Field studies for hydrological applications are able to provide hydrological information at discrete
points, however, these data are limited because the phenomenon being measured (e.g., soil moisture,
flood extent) is highly variable over space and time, and there are difficulties in timing field data
collections with dynamic events such as floods. Radar remote sensing can provide the near real time
and synoptic view necessary to map hydrological features on a regional scale, and may also provide
validations or supporting information for field data collection.

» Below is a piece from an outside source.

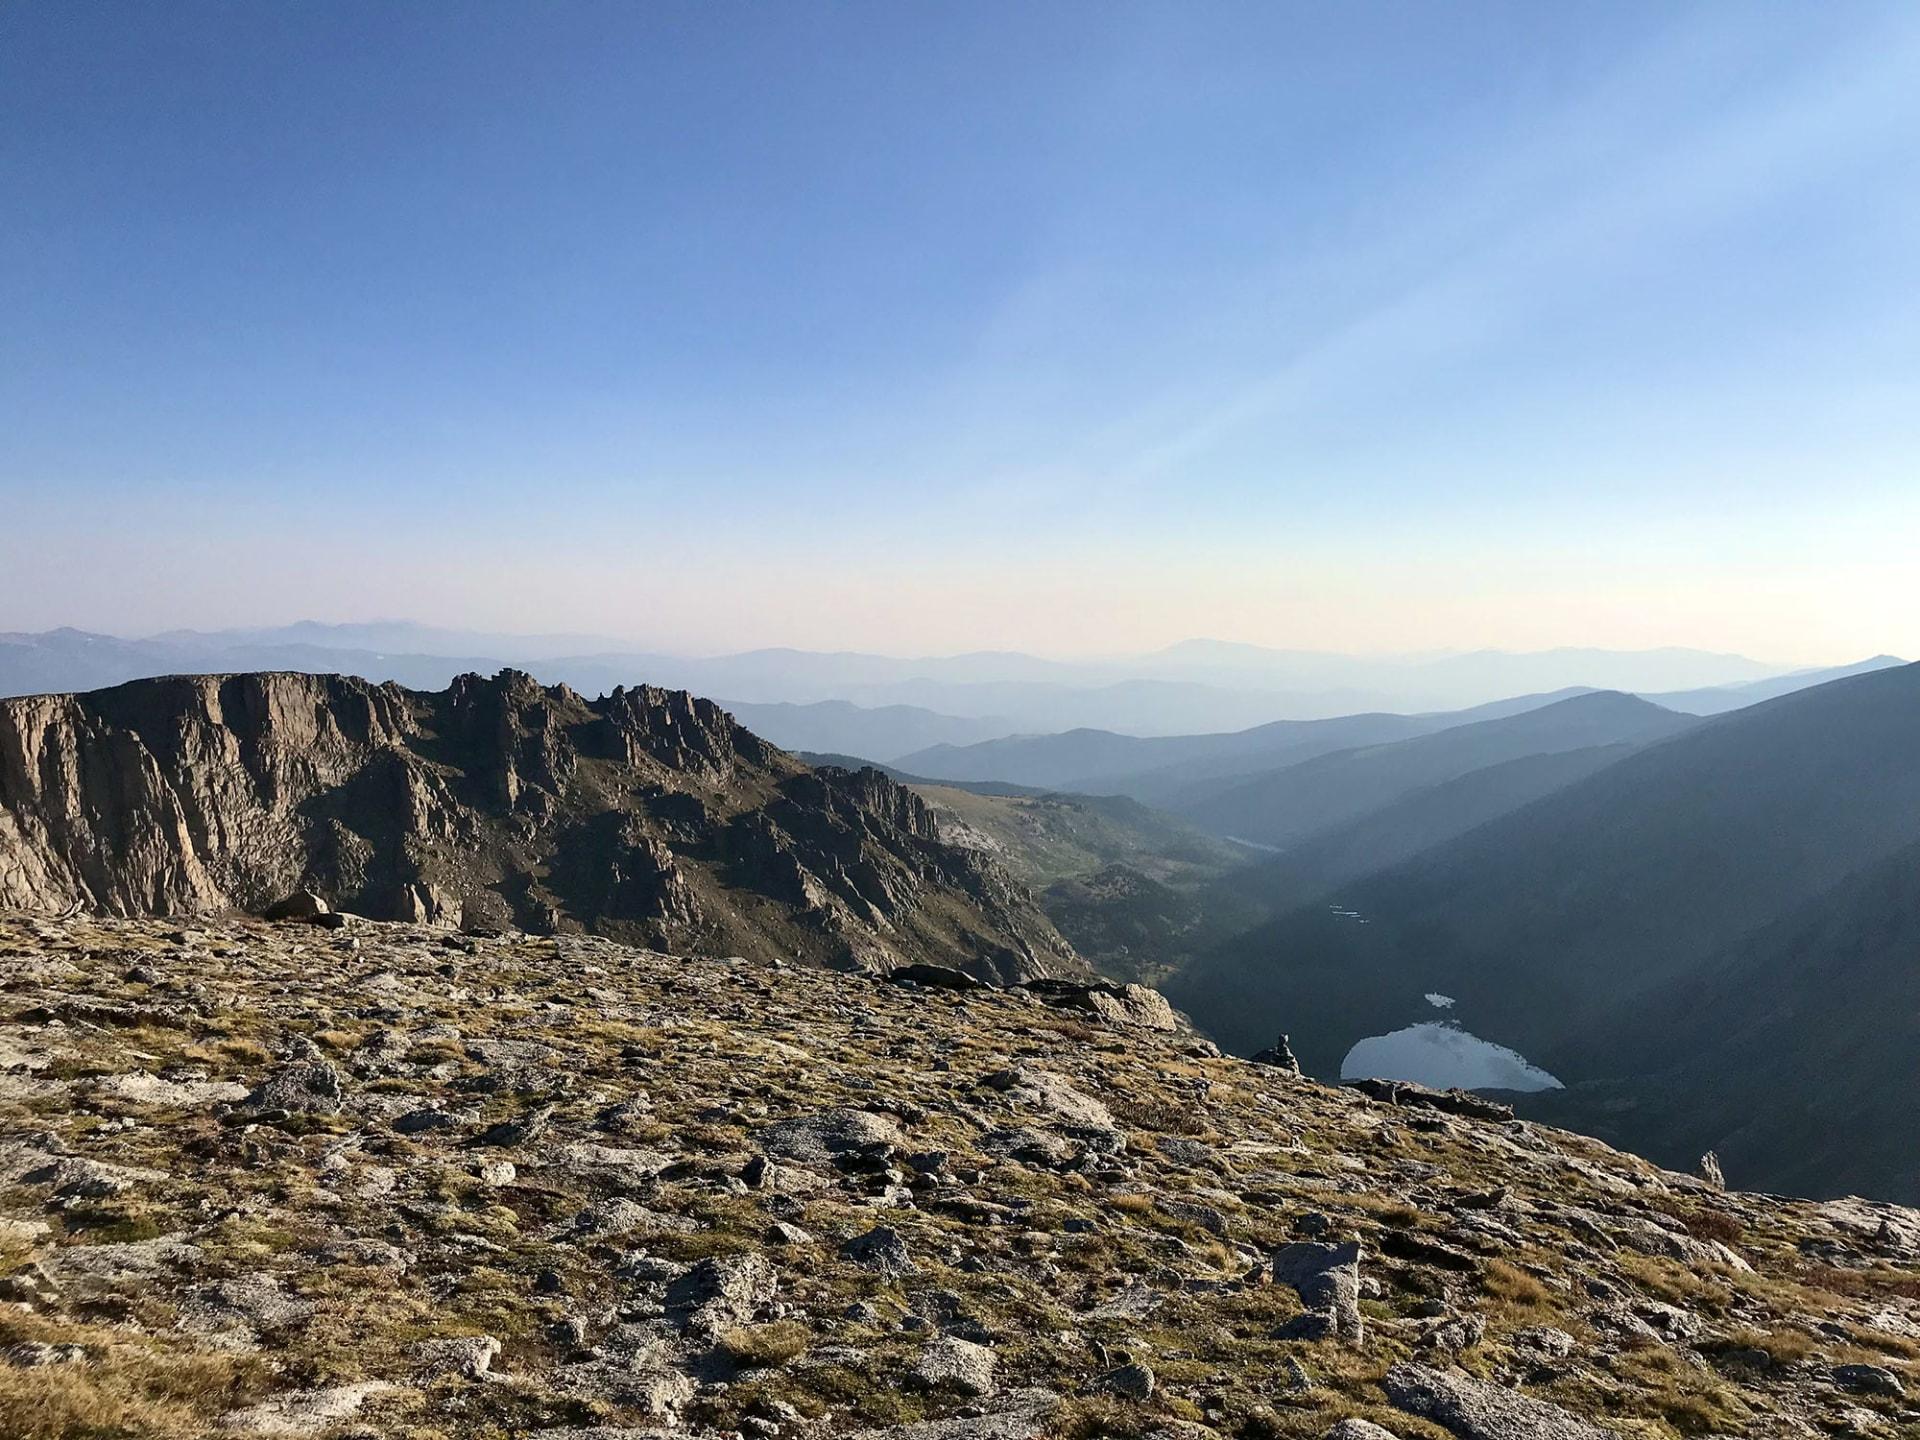 14er Season in the Rocky Mountains

When radar data is acquired for quantitative hydrological study or any other application, it is important
that data is calibrated as it allows image brightness values to be more directly related to target
backscatter. When radar data is acquired over a number of time periods for the purpose of monitoring
change for hydrological applications, it is again important that data is calibrated. Image calibration for
change detection ensures that any change in the image is a result of a change in the target and not
from a change in the sensor.
The hydrological applications of radar remote sensing that are of importance to water resources
management include watershed modelling, flood mapping and fresh water ice mapping. The use of
radar for watershed modelling involves many activities including soil moisture estimation, mapping land
cover, determining wetland conditions, and snowpack condition determination. Information acquired
from these activities is input into models to help predict the hydrological characteristics of a
watershed. This in turn provides an estimate of the availability of free water for such activities as
hydroelectricity production and crop irrigation.
The measurement of soil moisture aids in the prediction of crop yield, plant stress and watershed
runoff (Brown et al. 1993). The measurement of soil moisture by C-band radar is possible due to
changes in the dielectric properties of materials produced by changes in water content.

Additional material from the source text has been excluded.